Free-soloing climbing alone, no ropes, no gear made sense to Alex from the beginning. He was 19 when his father (and sole belayer) died from a heart attack. "All of a sudden I had the opportunity," he said.

"Do you think you'll free-solo El Cap?" I asked (I recorded our conversation for a climbing magazine profile).

"No," he replied. But then a smile betrayed him, and his eyes grew wide. "I mean, I think I'd love to someday because like, how rad would that be?" He sounded giddy. "I mean, that would be so cool! You could probably climb it in four hours."

A decade later, on June 3, he did exactly that. Well ... just about.
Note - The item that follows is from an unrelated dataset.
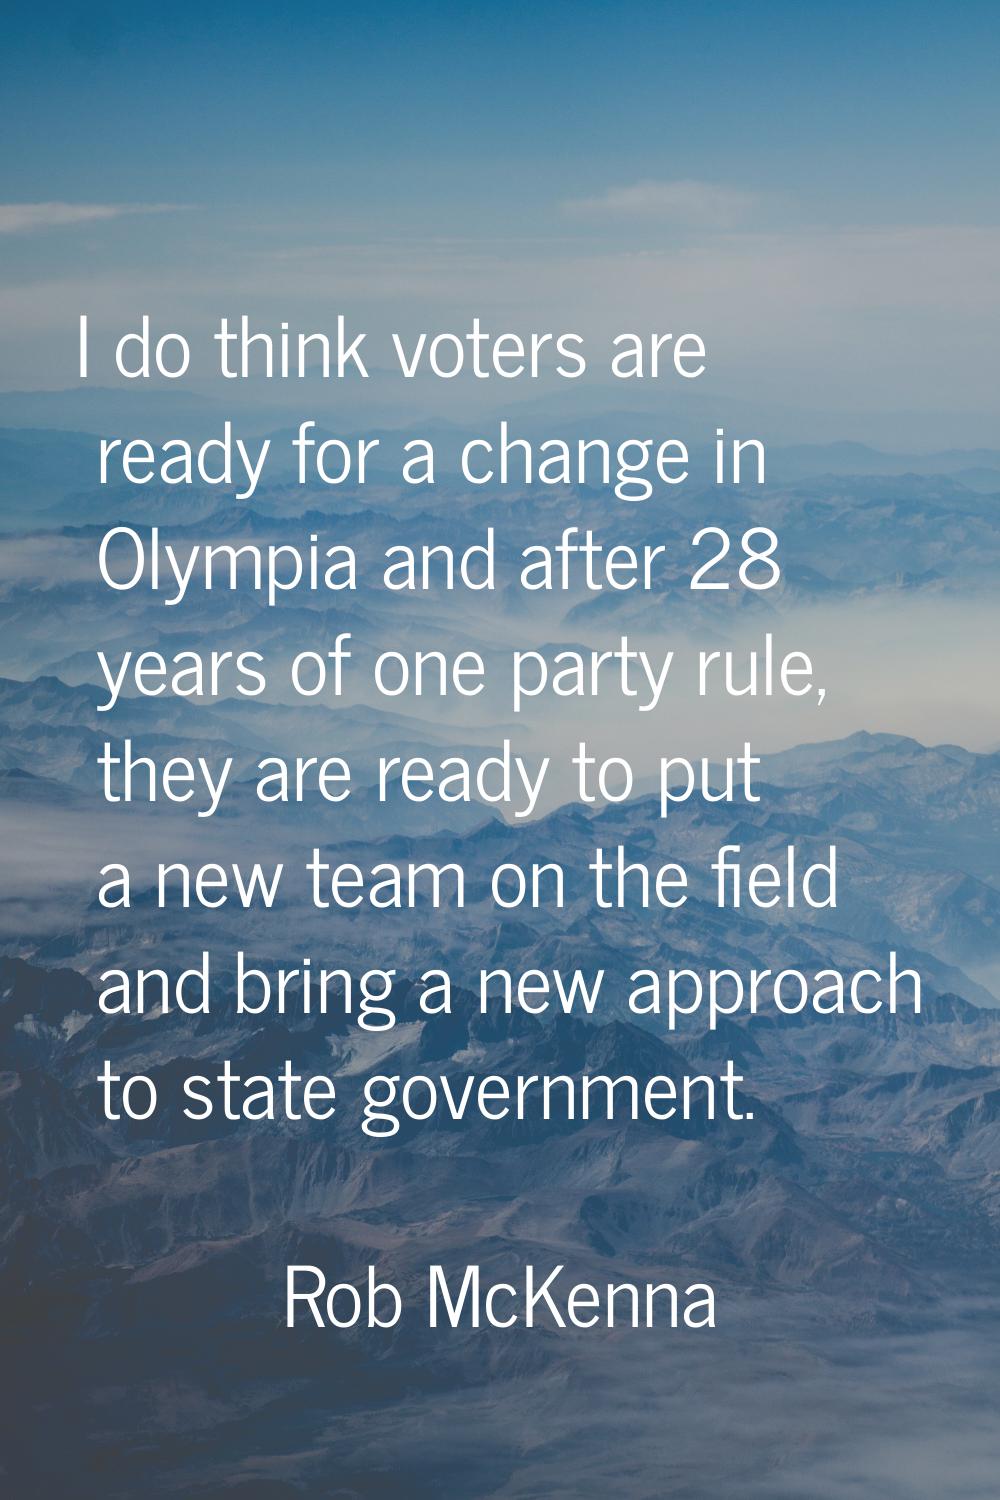 I do think voters are ready for a change in Olympia and after 28 years of one party rule, they are 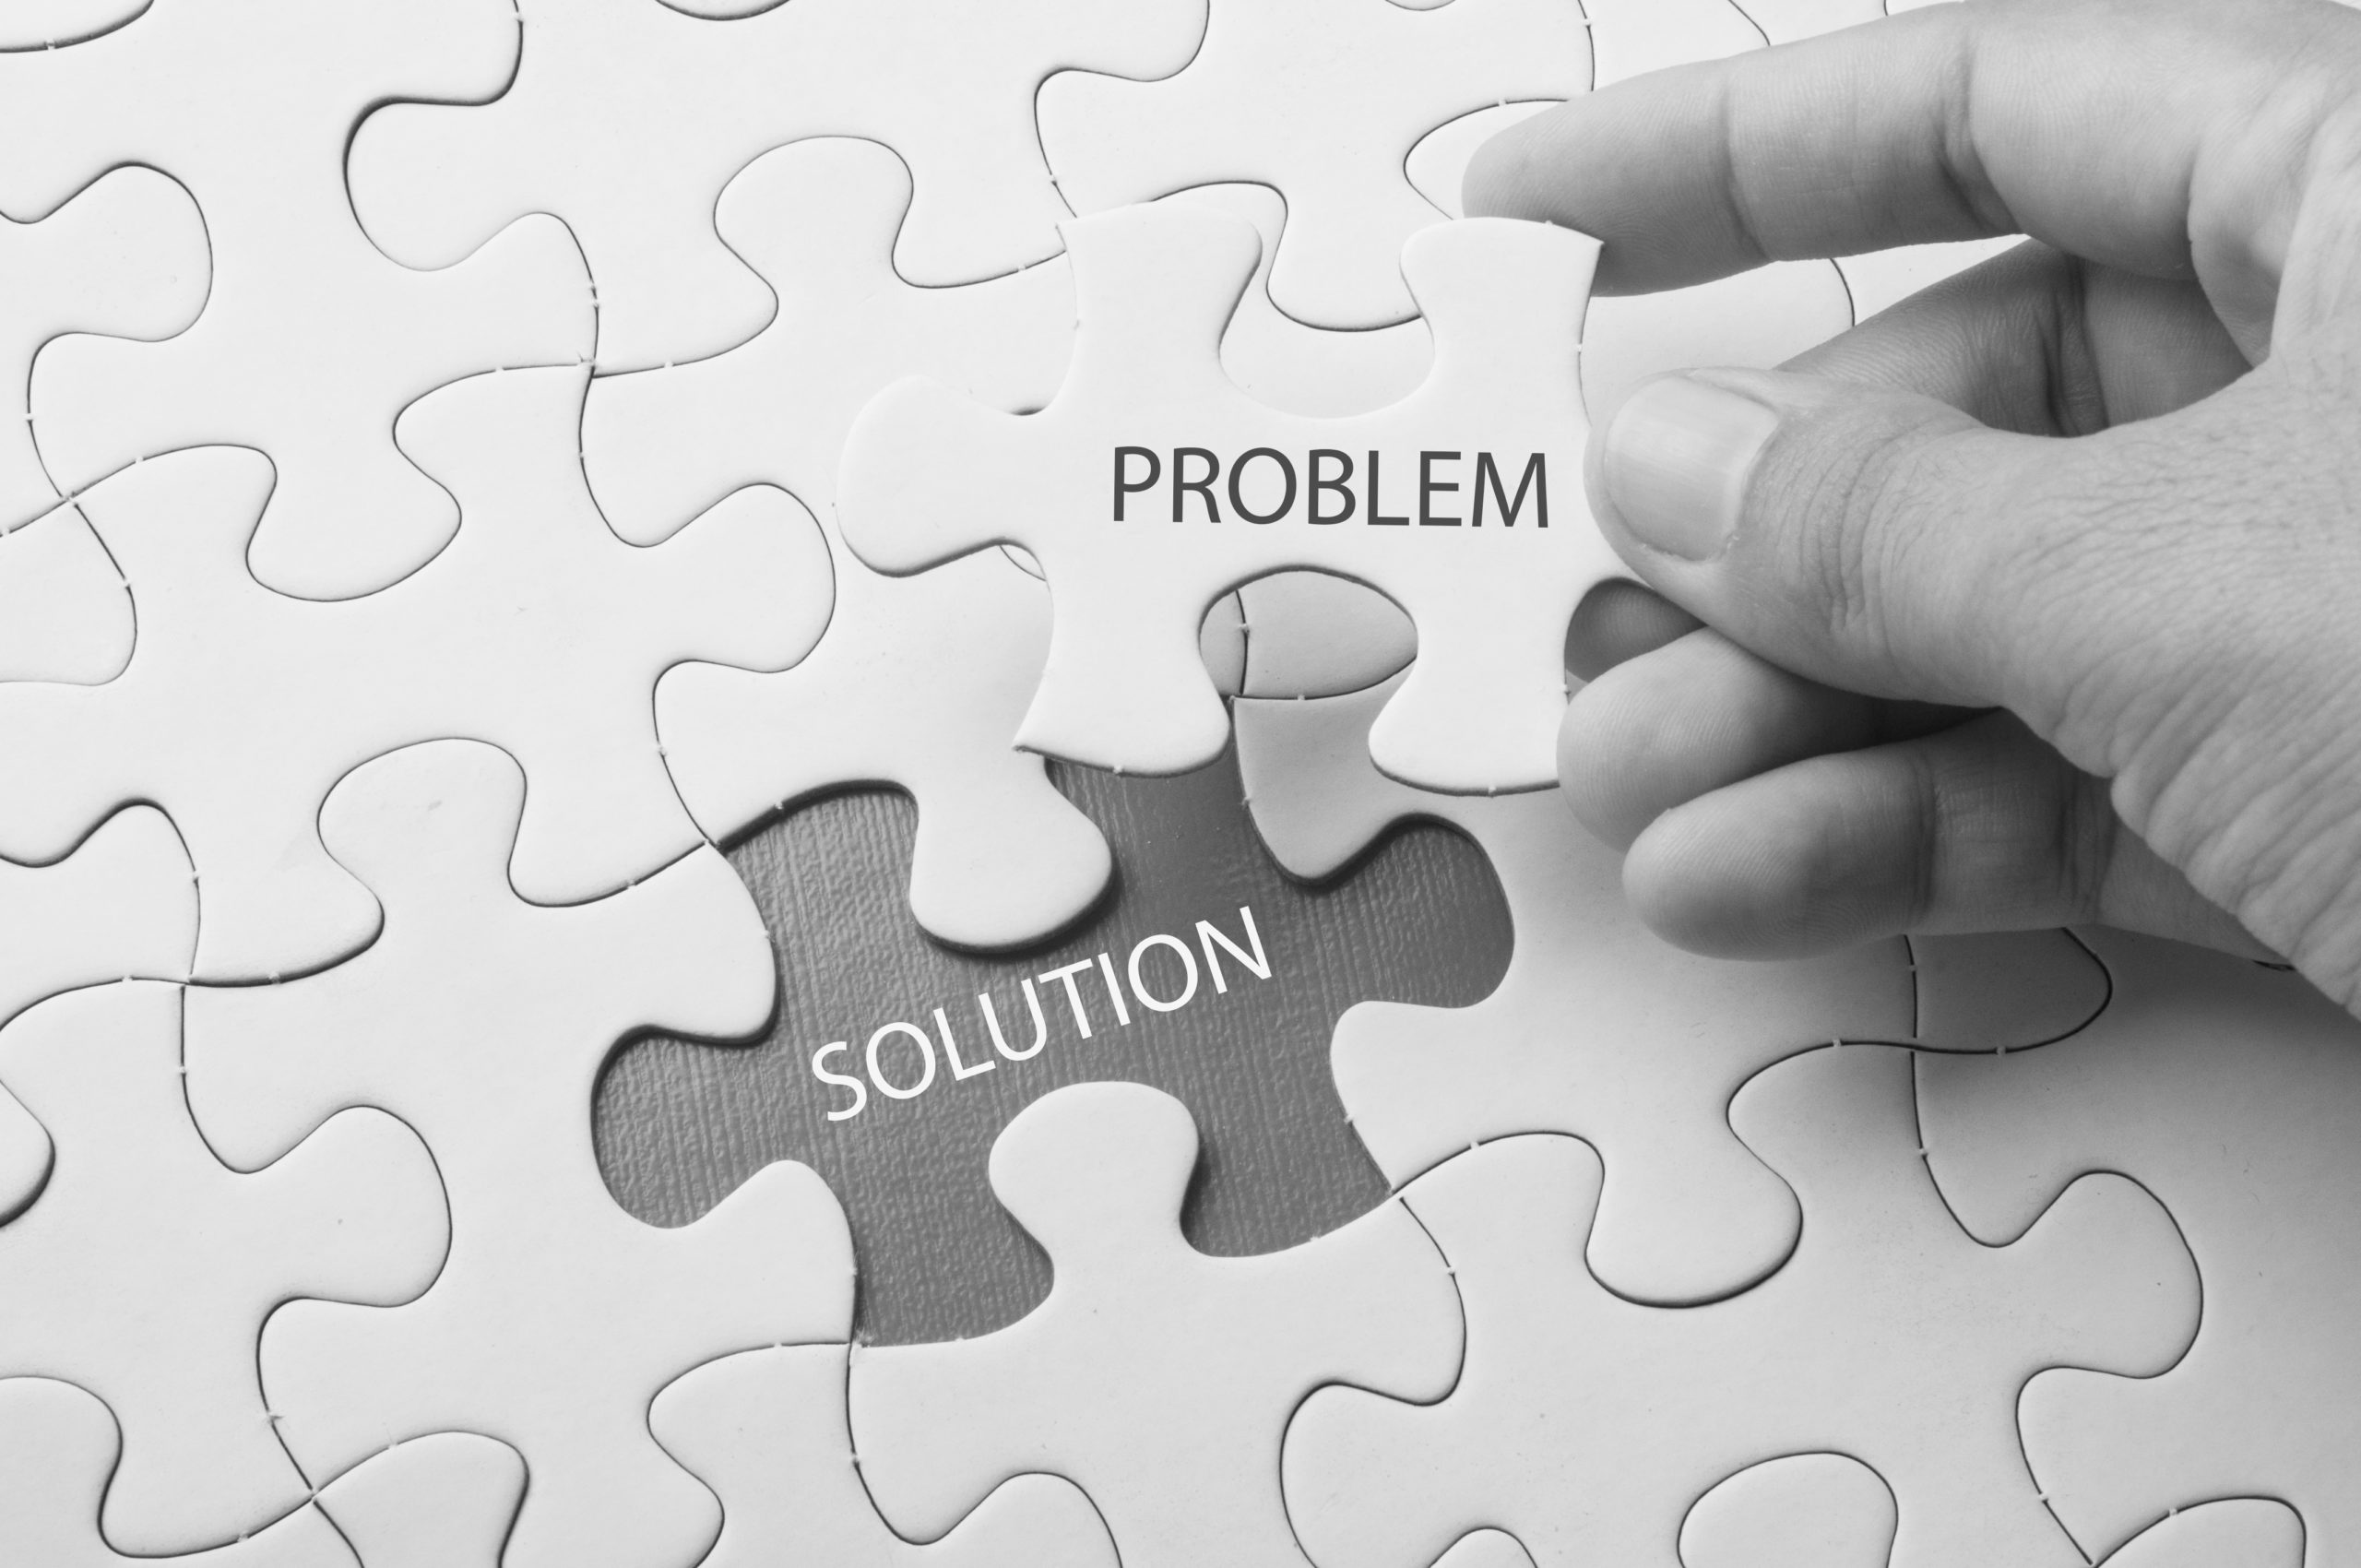 Puzzle pieces that read “solution” and “problem”

It took precisely three hours and 56 minutes for Alex to free-solo Freerider (5.12d, 3,000 feet) on El Capitan an ascent that has been called not only the greatest achievement in rock climbing, but a mental performance that transcends climbing, sports and even our imagination.

That he predicted his time within four minutes 10 years ago astounds me. It also reminds me that Alex has been fantasizing about and, later, obsessively planning, the world's boldest climb for a long time.

Free-soloing is simple, minimal. It's like an extension of Alex's personality. He shuns caffeine and alcohol. He eats a vegetarian diet. He owns relatively few possessions. He donates a full third of his income to humanitarian and environmental causes.

And he's critical of anyone who doesn't share his uncompromising views. For Alex, it's all or nothing. Just like he climbs.

Filmmaker Jimmy Chin embraces Alex Honnold moments after he safely topped out El Capitan. (Sam Crossley / Courtesy photo)

In mid-November 2016 he left the ground on Freerider, intending to free-solo the entire route. A few hundred feet up, on an insecure move, he hesitated. Five seconds passed they must have felt like minutes then he grabbed a bolt. I'm not into this, he thought, before retreating down fixed lines.

The next day he told me his foot had "felt weird" from a recent ankle sprain (when, roped, he had slipped off near where he had bailed.). The camera crews had added unwanted pressure, distracting him. "It needs to be more my thing instead of such a f***ing junk show, you know?"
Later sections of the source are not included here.